Exercise requirements
Word-for-word transcription: reproduce all of the data, but not the pictures.

Given material
=-=-=

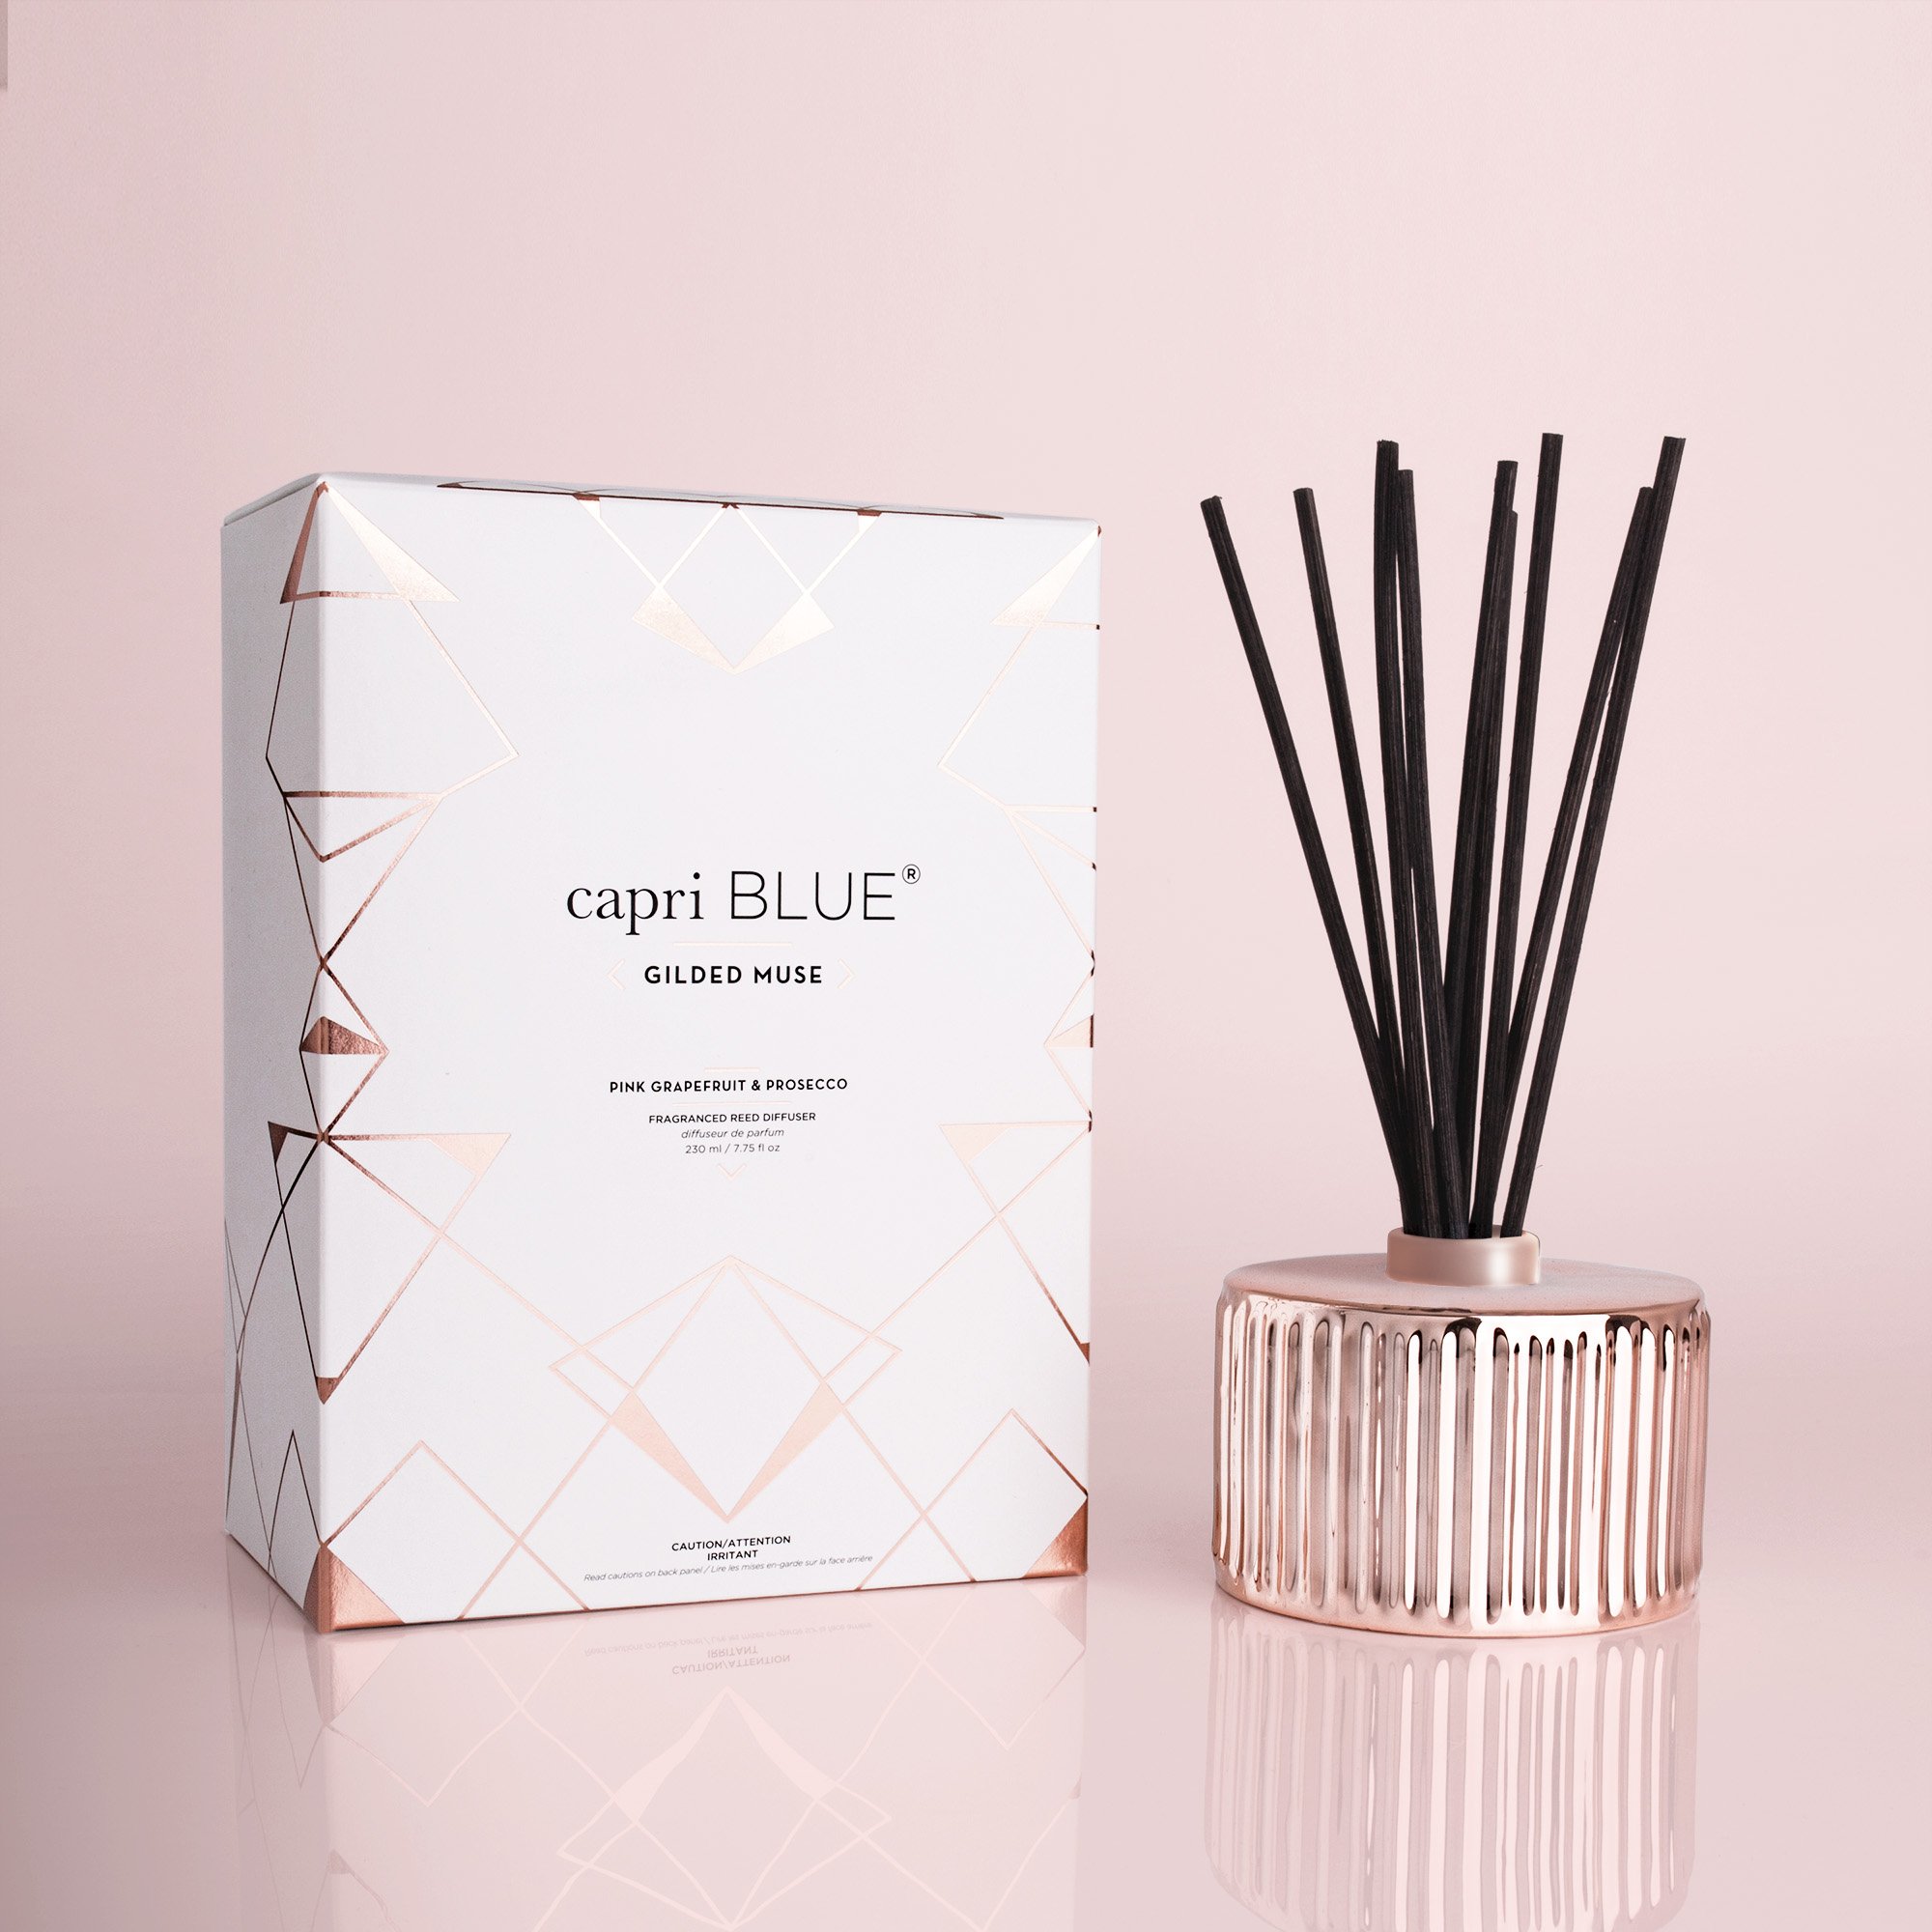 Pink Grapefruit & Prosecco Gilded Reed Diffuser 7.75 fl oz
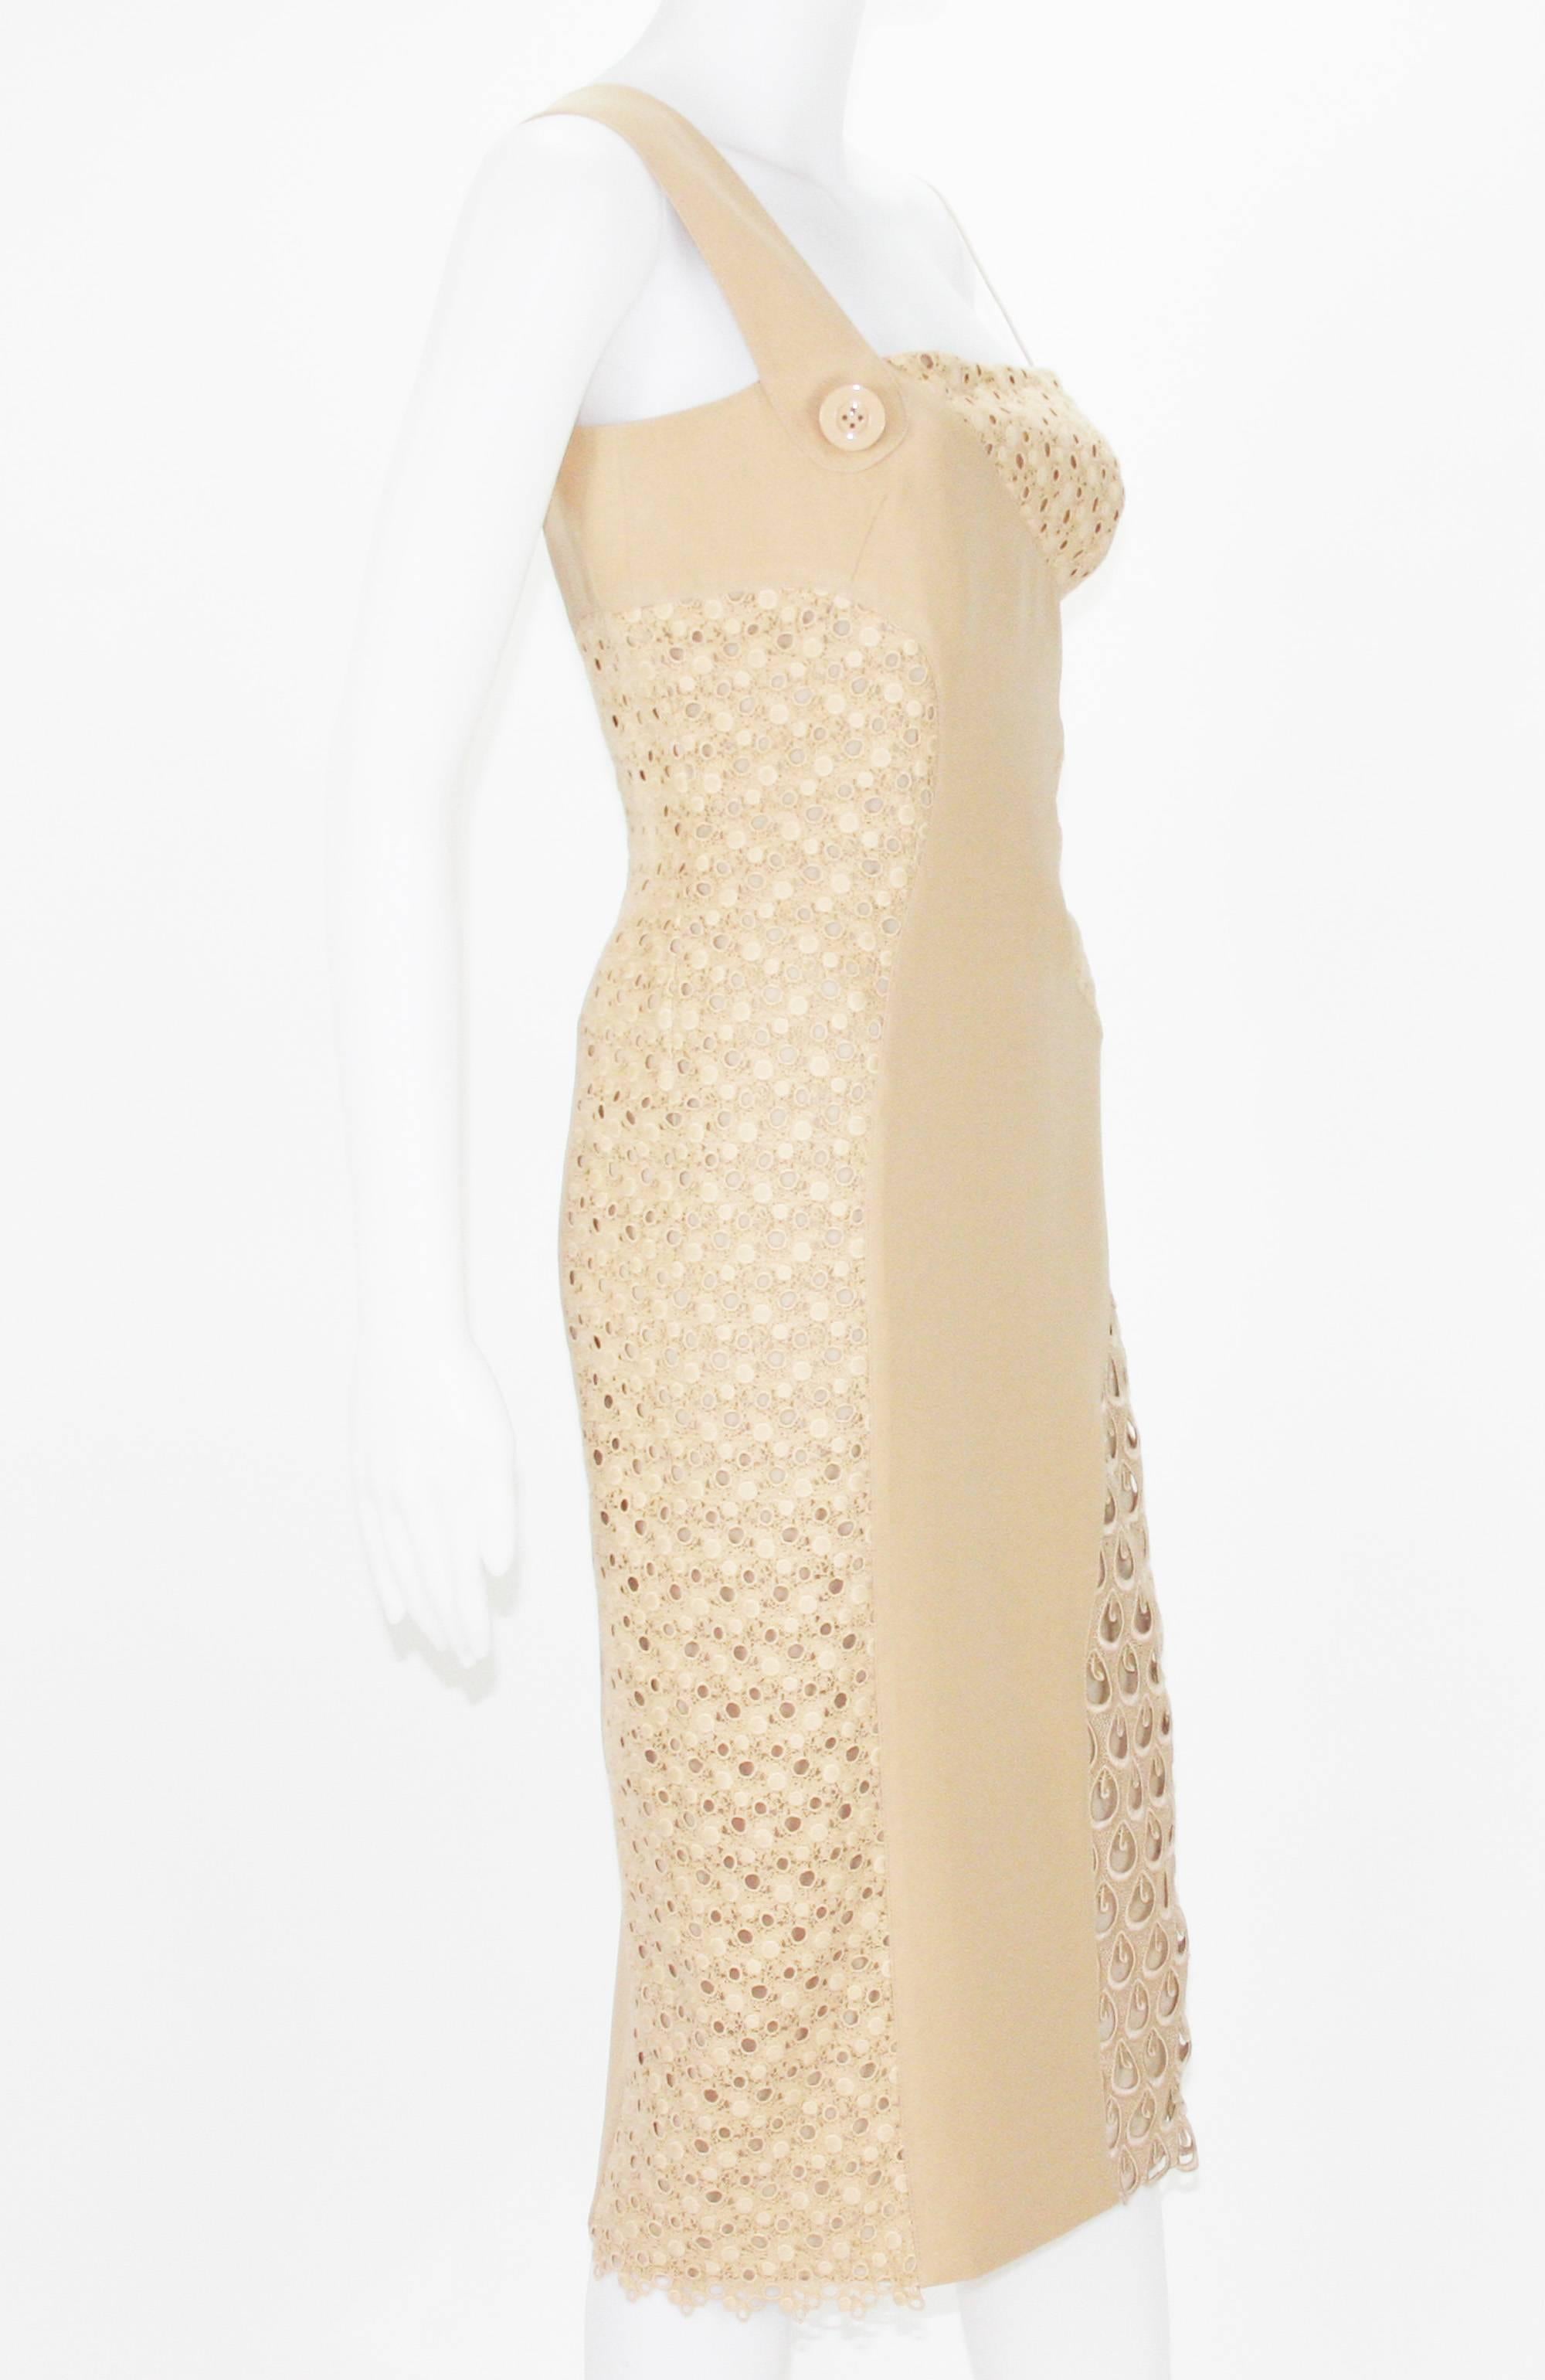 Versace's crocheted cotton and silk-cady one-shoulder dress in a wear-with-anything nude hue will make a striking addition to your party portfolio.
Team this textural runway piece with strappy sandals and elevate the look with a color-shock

=-=-=

Written answer
 Pink Grapefruit & Prosecco Gilded Reed Diffuser 7.75 fl oz
 Versace's crocheted cotton and silk-cady one-shoulder dress in a wear-with-anything nude hue will make a striking addition to your party portfolio.
Team this textural runway piece with strappy sandals and elevate the look with a color-shock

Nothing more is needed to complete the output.